PMN depletion enables faster dissemination of avirulent Yop mutants to MLNs. BALB/c mice were depleted of PMNs by intraperitoneal injections of an anti-Ly6G antibody and were infected with wt bioluminescent Y. pseudotuberculosis or a yopH, yopE, or yopK mutant. Mice injected with PBS served as controls. Bacterial dissemination was determined by dissection of organs and analysis by IVIS at day 1 p.i. Pictures of organs from representative mice are presented together with the numbers of organs positive for bacterial signals by IVIS. P, Peyer's patches; C, cecum; M, mesenteric lymph node; S, spleen; L, liver.

FIG 5

The proportion of Gr-1^low MHC-II⁻ cells increases in PMN-depleted mice infected with Y. pseudotuberculosis. Blood from undepleted and PMN-depleted mice, uninfected or infected with wt Y. pseudotuberculosis, was collected and was analyzed for the presence of Gr-1⁺ cells by flow cytometry. (A) Percentages of Gr-1^low MHC-II⁻ cells during the course of the experiment. Cellular expression of Gr-1 and MHC-II was determined by flow cytometry analysis.
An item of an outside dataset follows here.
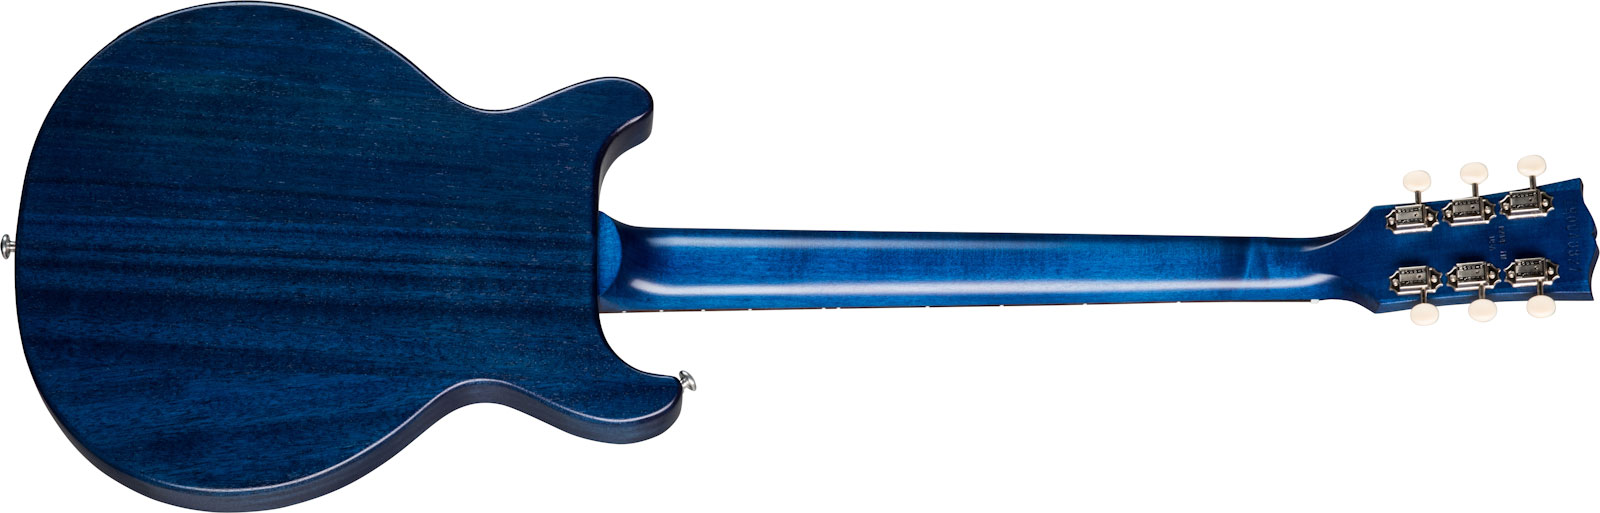 Gibson Les Paul Special Tribute Dc Modern P90 - Blue Stain - Double cut electric guitar - Variation 1

Data for gated Gr-1^low MHC-II⁻ cells are presented as means ± SD. (B) Representative dot plots from flow cytometry analysis performed on blood leukocytes to investigate the distribution of mature and immature PMNs and monocytes upon infection in undepleted and PMN-depleted mice. Blood leukocytes were isolated and were analyzed for the expression of Gr-1 and F4/80. Monocytes were identified as Gr-1⁺ F4/80⁺ cells (upper right quadrants), immature PMNs as Gr-1^low F4/80⁻ cells (lower middle quadrants), and mature PMNs as Gr-1^high F4/80⁻ cells (lower far right quadrants). (C) Different Gr-1⁺ cell types in blood from undepleted and depleted mice, uninfected or infected with wt Y. pseudotuberculosis, at day 5 postinfection. The flow cytometry analysis used gates to separate Gr-1⁺ cells into monocytes (Mo), immature neutrophils (iPMNs), and mature neutrophils (mPMNs) on the basis of their expression of Gr-1 and F4/80. Data are presented as means ± SD. Differences between groups were analyzed by an unpaired Student t test, with significance set at P values of <0.05 (*), <0.01 (**), or <0.001 (***).